Giving mosquitoes a disease makes them less likely to spread malaria
Wolbachia is a bug disease. More definitively, it’s a gram-negative bacteria which infects arthropods, but doesn’t infect birds or mammals. In many insects, Wolbachia is harmless. Some can’t even reproduce without its help. But mosquitoes aren’t typically infected by this genus of bacteria.
A team from the National Institutes of Health, working with colleagues from Mali, discovered a group of mosquitoes in Burkina Faso that carried a species of Wolbachia. And they made what could be a key discovery about these bug-infected bugs.
Experimental infections indicate that wAnga-Mali infection reduces malaria transmission by a mechanism that affects sporozoites and opens the possibility of exploring the introduction of Wolbachia into natural populations of anophelines as a strategy to reduce disease transmission.
That is, mosquitoes carrying this particular Wolbachia had a harder time passing on malaria to humans. Which opens up a new path to combating a disease that affects millions each year.
Bacteria as the power supply for hybrid nanomotors
The promise of nanotechnology — machines so small they’re microscopic — had often been thwarted by the ability to build and power such tiny devices.
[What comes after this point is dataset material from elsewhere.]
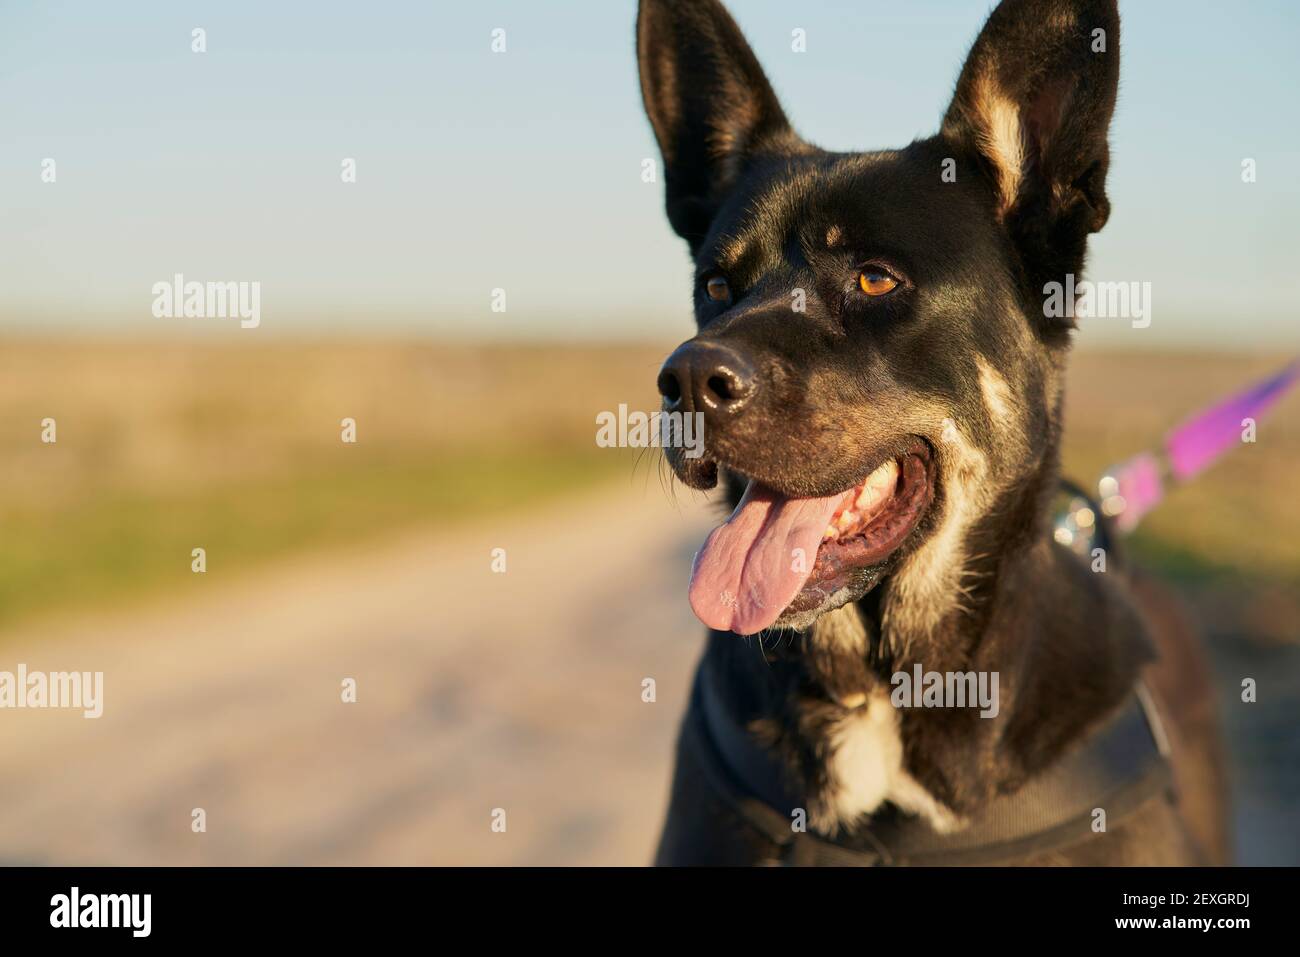 Close-up of black dog with brown and white spots on alert Stock Photo

Scientists can assemble incredibly small structures atom by atom, but such constructions are often difficult to create and unstable. In particular, they’re hard to power. Batteries aren’t the most efficient means of storing energy at any size, and building them in super-tiny sizes is super difficult.
So … a team from the Institute of Nanotechnology in Rome has bypassed both the difficulty and inefficiency of building a mechanical power source, by harnessing a biological one. You’ve heard of a treadmill for shrimp? They’ve built an engine powered by bacteria.
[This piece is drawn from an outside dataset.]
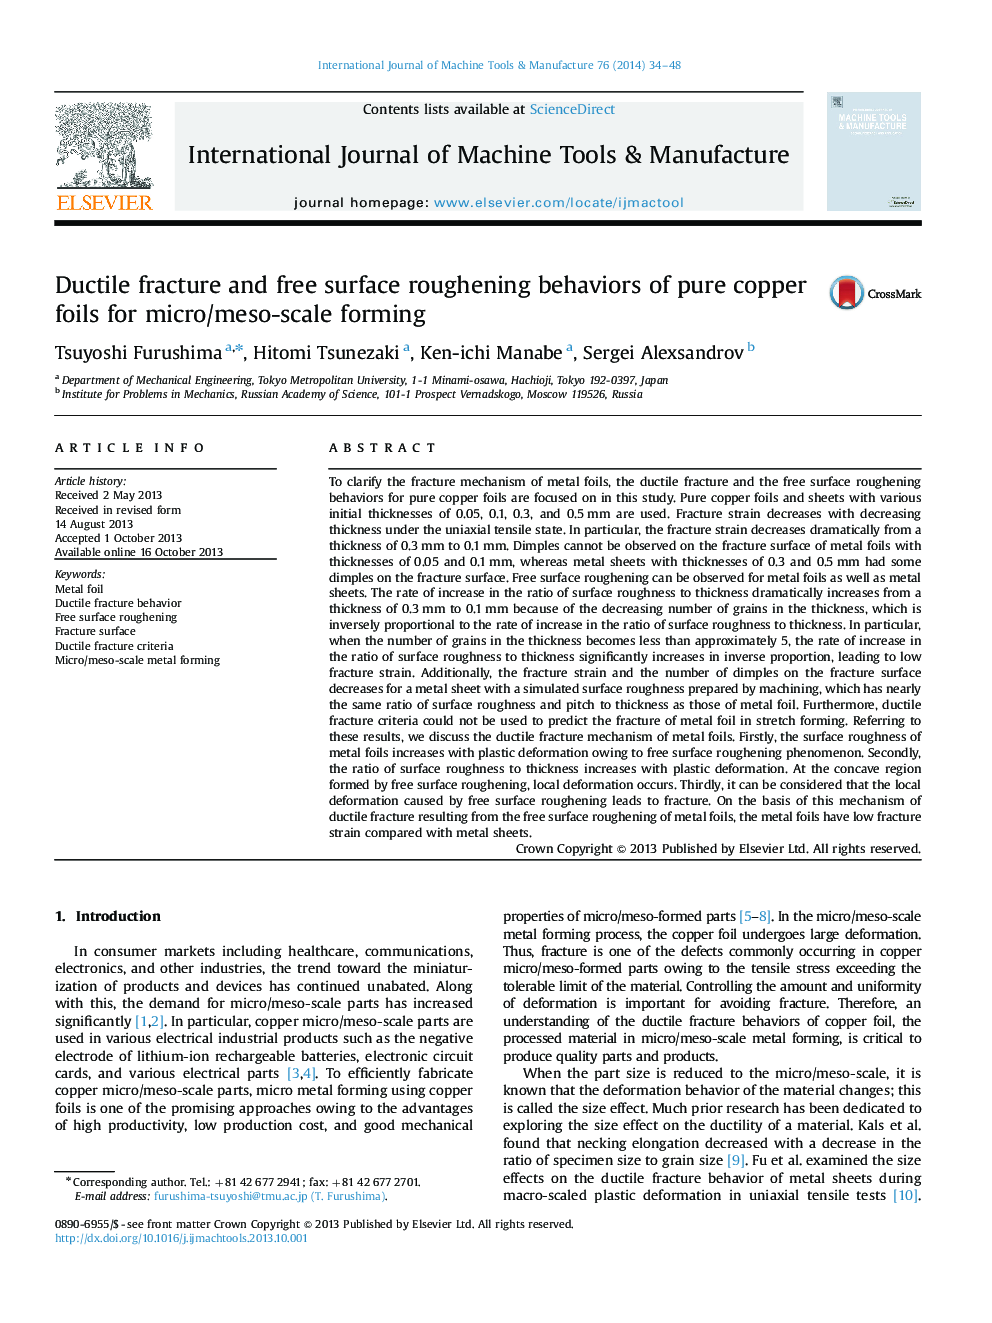 Ductile fracture and free surface roughening behaviors of pure copper foils for micro/meso-scale forming

Swimming bacteria adhere to the surface and act as micropropellers, which can also be switched on and off by using chemical or light signals.
The system they’ve designed actually captures bacteria and locks them into a design that looks like the world’s tiniest water wheel. Go take a look. See the little indicator on the picture that shows 10 micrometers? For comparison, a single red blood cell is about 8 micrometers, while a single human hair is about 100 micrometers in diameter.
Similar engines have been tried before, but have proved difficult both to manufacture and to reliably control. The team from Rome claimed to have solved both these issues — which could prove to be quite a breakthrough.